Moving to a new topic, you can define *functions* as *values*. Here we create a separate filter function that we pass as an argument to the filter method. Previously we used an *anonymous function*. Note that `filterFunc` is a value that's a function of type `String` to `Boolean`.

In [9]:
val filterFunc: String => Boolean =
    (s:String) => s.contains("god") || s.contains("christ")

filterFunc = > Boolean = <function1>


<function1>

The following more concise form is equivalent, due to *type inference* of the argument's type:

In [10]:
val filterFunc: String => Boolean =
    s => s.contains("god") || s.contains("christ")

filterFunc = > Boolean = <function1>


<function1>

Now use the filter to find all the `sin` verses that also mention God or Christ, then count them. Note that this time, we drop the "punctuation" in the first line (the comment shows what we dropped), and we drop the parentheses after "count". Parentheses can be omitted when methods take no arguments.

In [11]:
val sinsPlusGodOrChrist  = sins filter filterFunc // same as: sins.filter(filterFunc)
val countPlusGodOrChrist = sinsPlusGodOrChrist.count

sinsPlusGodOrChrist = MapPartitionsRDD[4] at filter at <console>:33
countPlusGodOrChrist = 240


240

Finally, let's do _Word Count_, where we load a corpus of documents, tokenize them into words and count the occurrences of all the words.
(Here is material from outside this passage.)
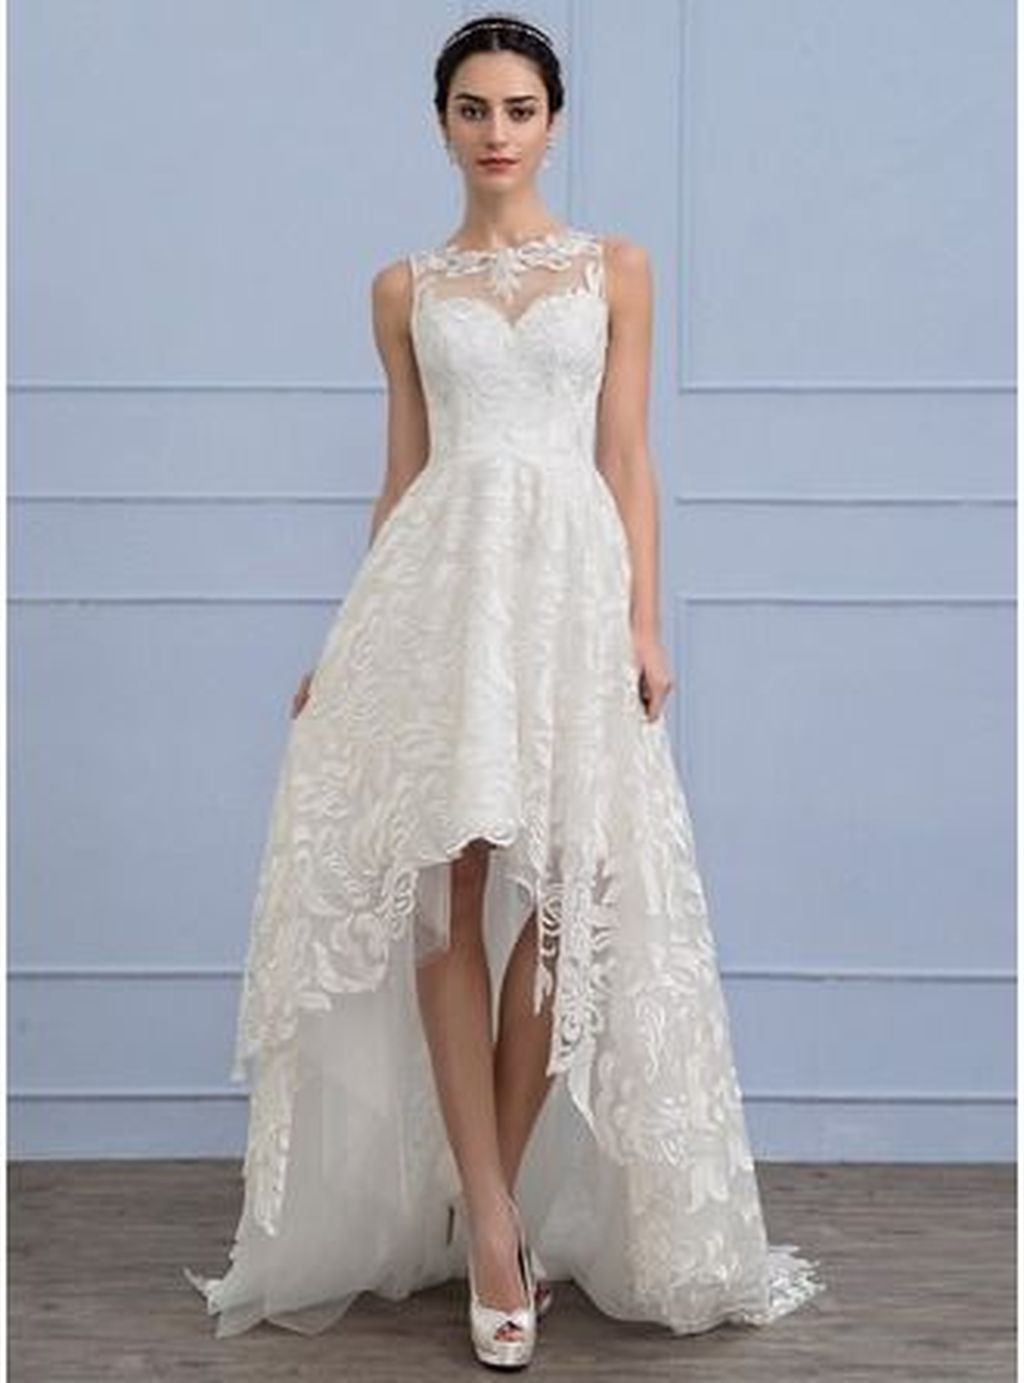 40 Best Princess Wedding Dress Ideas For Beach Theme | Pinterest ...

First, we'll define a helper method to look at the data. We need to import the RDD type:

In [12]:
import org.apache.spark.rdd.RDD

def peek(rdd: RDD[_], n: Int = 10): Unit = {
  println("RDD type signature: "+rdd+"\n")
  println("=====================")
  rdd.take(n).foreach(println)
  println("=====================")
}

peek: (rdd: org.apache.spark.rdd.RDD[_], n: Int)Unit


In the type signature `RDD[_]`, the `_` means "any type". In other words, we don't care what records this `RDD` is holding, because we're just going to call `toString` on each one. The second argument `n` is the number of records to print. It has a default value of `10`, which means if the caller doesn't provide this argument, we'll print `10` records.

The `peek` function prints the type of the `RDD` by calling `toString` on it (effectively). Then it takes the first `n` records, loops through them, and prints each one on a line.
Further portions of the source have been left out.